Девушка мягко кивнула и полезла в сумочку. Спустя долгие попытки что-то в ней отыскать она как надутый ребёнок села на кресло, чтобы эта чёрная дыра обрела опору под собою. После по мне девица протянула документ показывающий, что она и правда врач. Будто я в этом сомневался! Не окажись она им, я бы всё рано не отказался бы от её заботы.
— Хорошо, вы я вижу устали. Я постелю вам в гостевых
— Дай вещи мы сами уложимся, подушки где лежат? — перебили меня
— Как можно так к гостям
— Мы тебе не гости, а врачи. Или ты не болен?
Как не болен?! Да если они меня покинут я тут же умру от горя, подумал тогда я и вспомнил про головную боль. Жар вновь поднимался, но я не жаловался, этот жалкий организм не дал слабину болезни во время столь прекрасного разговора, этому я уже рад.

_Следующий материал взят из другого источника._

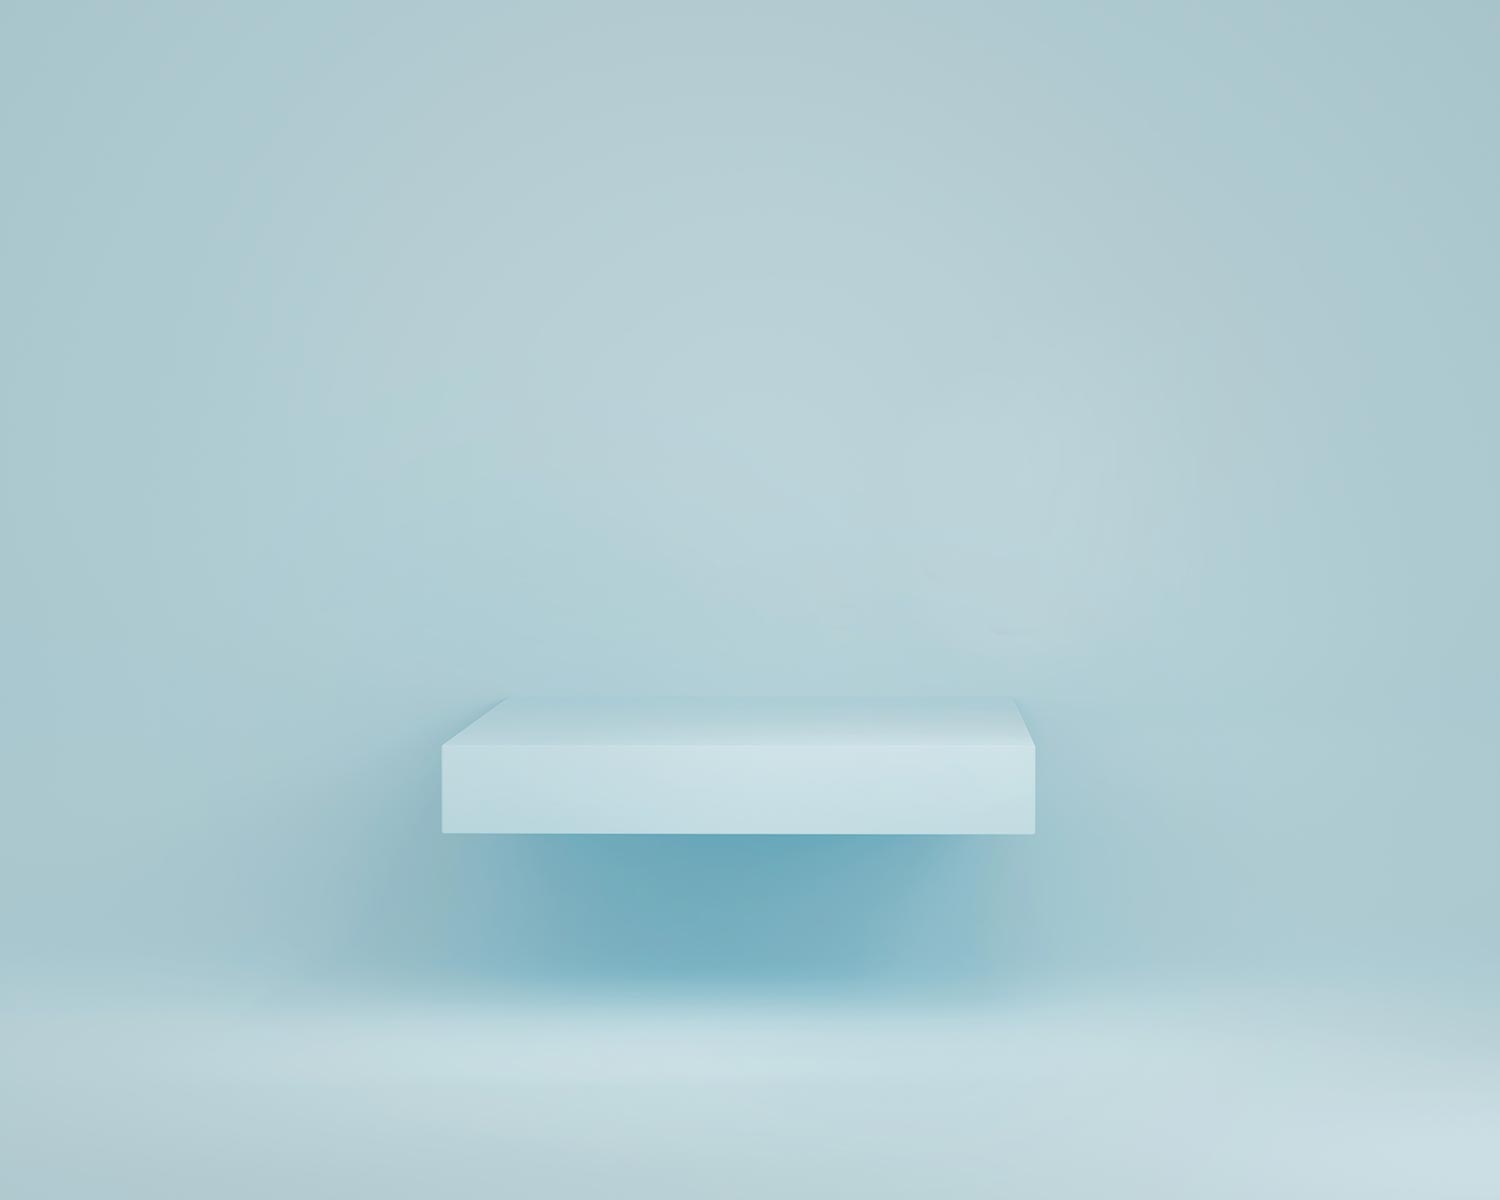 Blue simple minimalist background shelf pedesta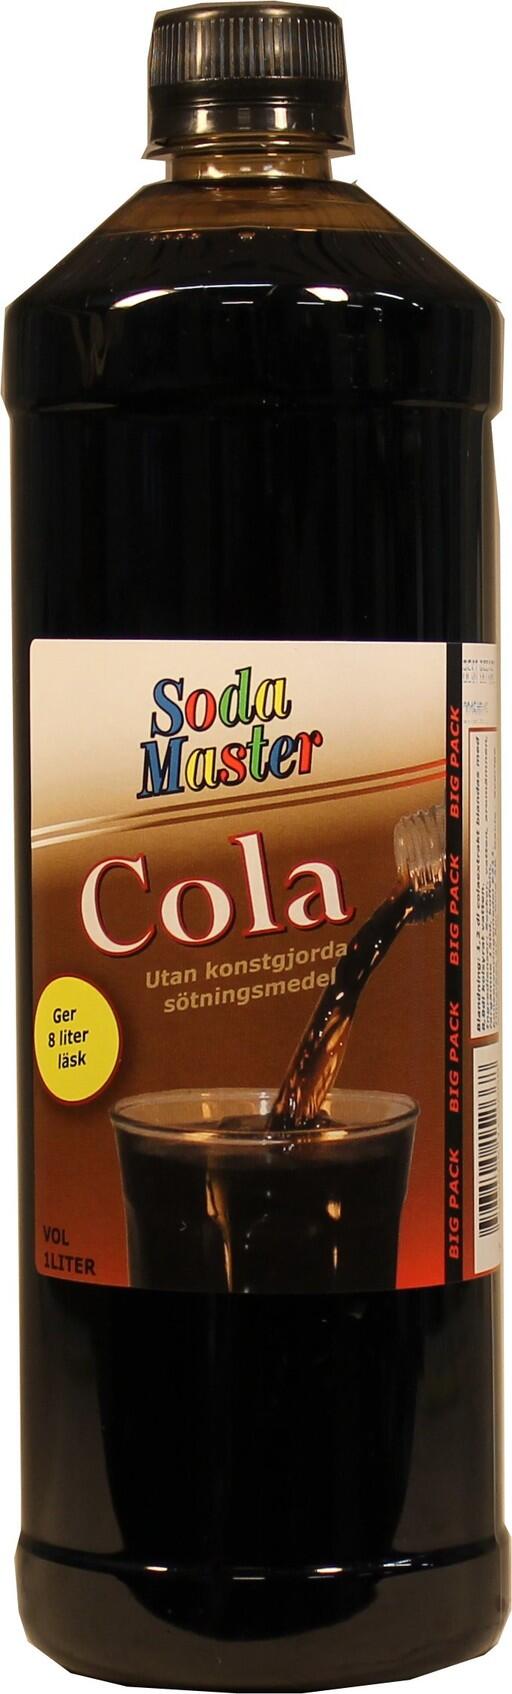 Cola läskkoncentrat från Soda Master.

— Болен. Ужасно болен. Спасибо вам, — я поклонился и встал, заметив, что Нана тоже застыла в поклоне. Значит воспитана тоже по-старому. Вот уж судьба поиграла с нашей встречей. — Позвольте вас проводить. Вещи в комнатах.
***
На утро они покинули мой дом. Я тут же забыл про болезнь и отправил письмо в местный банк, чтобы те вернули мне часть вложений. Думал помру также, без использования в наследство полученных богатств, только вот деньги понадобились не малые. Картины больше продавать не хотелось, наоборот я отправил пару бедолаг искать мою подпись на холстах аукционных экспонатов. Откройте глаза! У меня появился человек, которому я хочу показать все эти красоты. Пусть исчезнет навеки этот злобный силуэт! Она совершенно другая, мягкая, кроткая, волшебная. Я нанял людей, они навели порядок в моём доме, нанял повара, он будет готовить еду для моего гостя. Отправил подарок в дом старухи. Прошло для три, я не спал ночами, всё писал в документах что-то. Будто это было чистосердечным признанием, что этот художник пройдоха хочет жить, он хочет творить! На третий день болезнь вернулась, я снова слёг. Слава теперь мне было кого отправить и вызвать врача. Я ждал Марфу и никак не желал видеть с ней сей милое создание. Снова болен я перед ней. Они, признаюсь, выходили меня очень быстро. В тот вечер уже я пригласил их на обед. Они остались, как родные. Только тогда я уже был так опечален их утренним уходом, что не дожидавшись его начал разговор прям за столом.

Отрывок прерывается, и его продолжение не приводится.